--- PROVIDED DATA ---
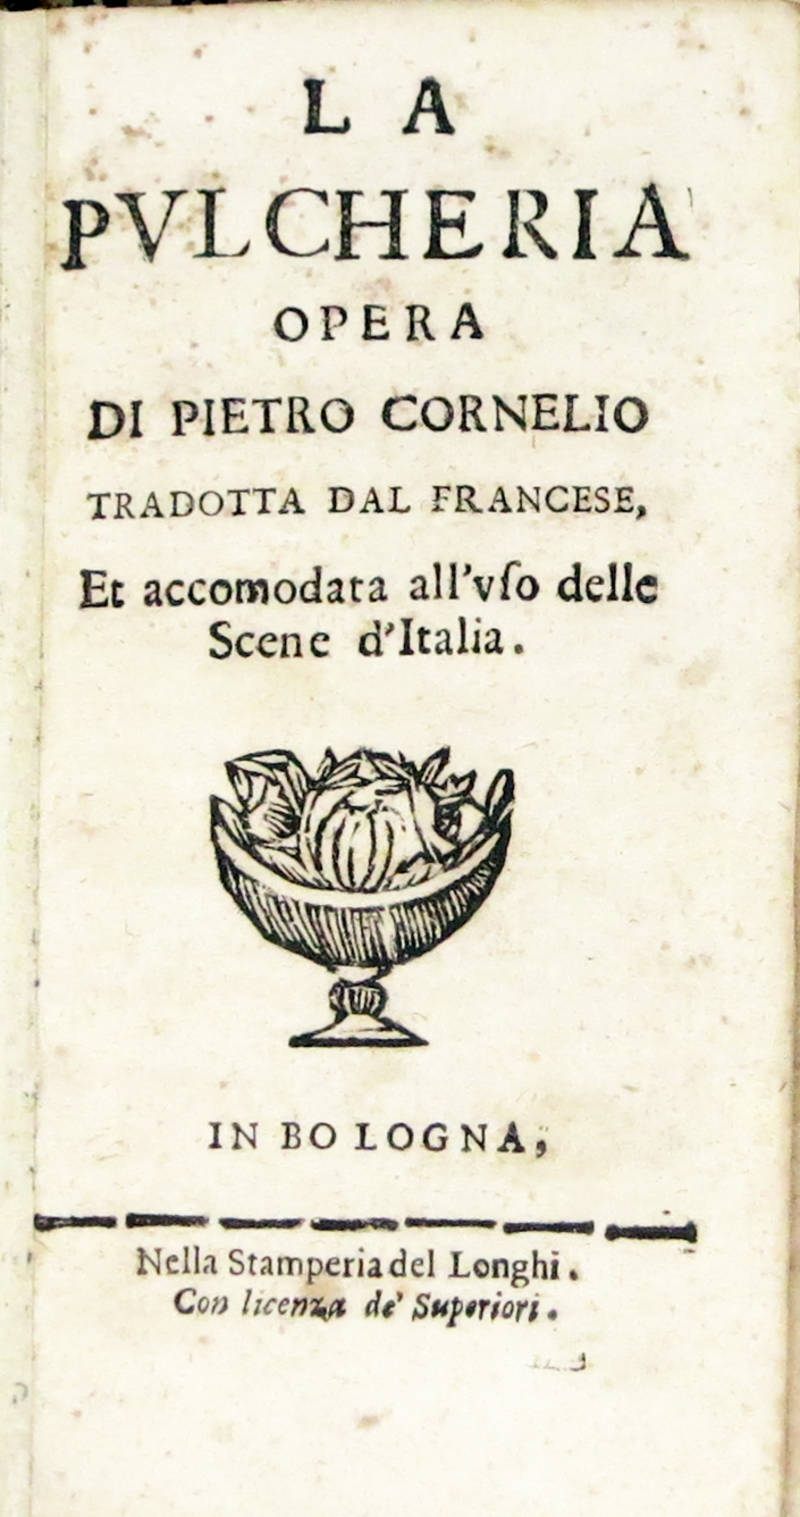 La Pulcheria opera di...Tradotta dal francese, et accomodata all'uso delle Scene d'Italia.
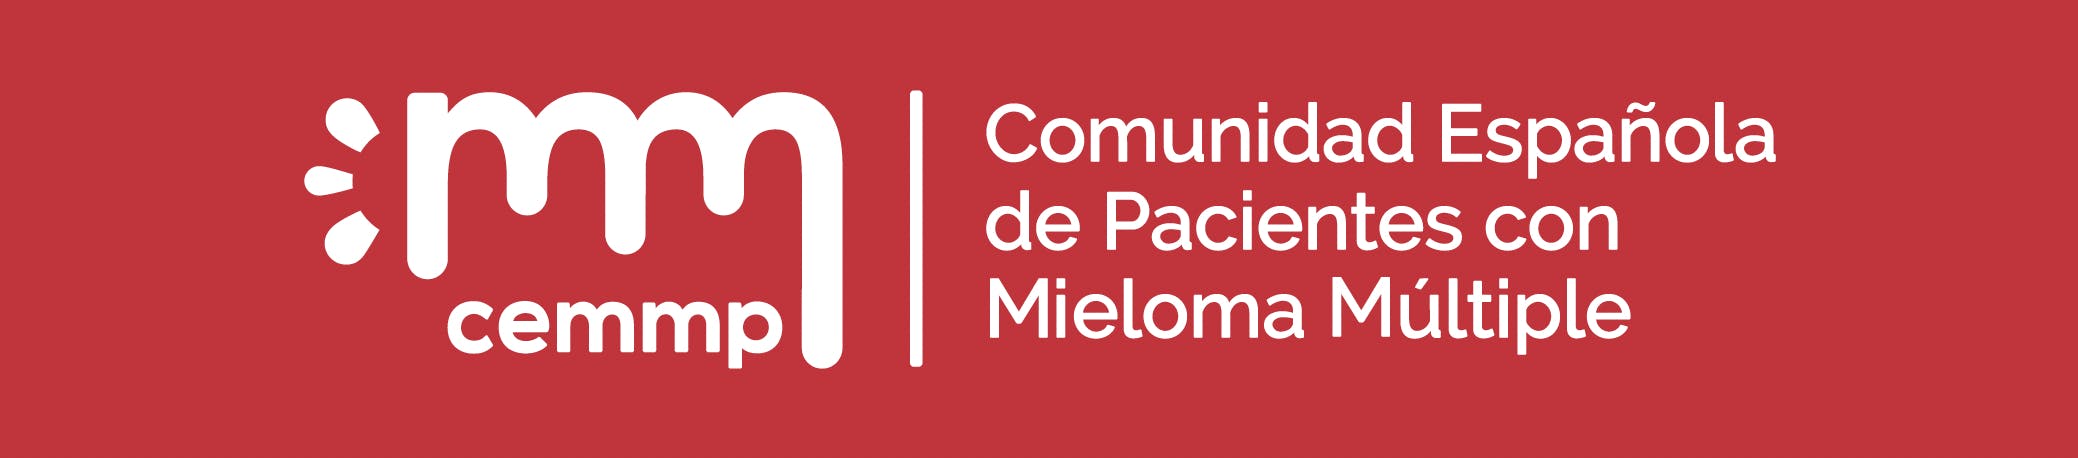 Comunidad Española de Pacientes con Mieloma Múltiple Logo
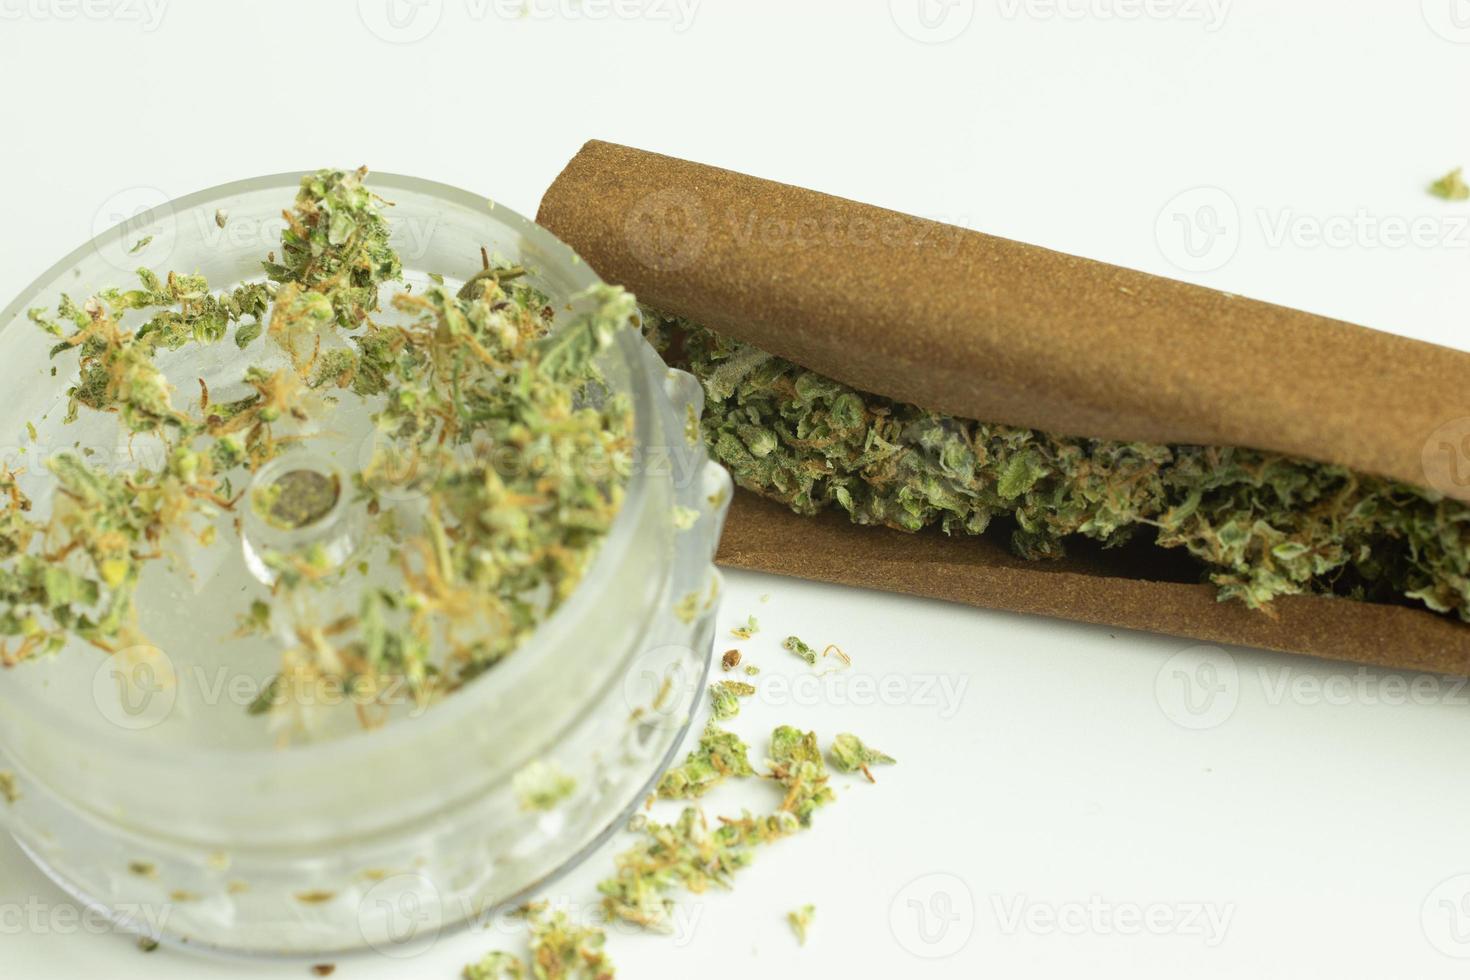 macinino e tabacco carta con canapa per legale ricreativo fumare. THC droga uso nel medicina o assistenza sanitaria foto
---
### [WORK ORDER]
The output should be the lines from the one with "Comunidad Española de" through the end of the material above, both ends included, printed exactly and nothing else. Drop the pictures.

### [SOLUTION TO THE PROBLEM]
 Comunidad Española de Pacientes con Mieloma Múltiple Logo
 macinino e tabacco carta con canapa per legale ricreativo fumare. THC droga uso nel medicina o assistenza sanitaria foto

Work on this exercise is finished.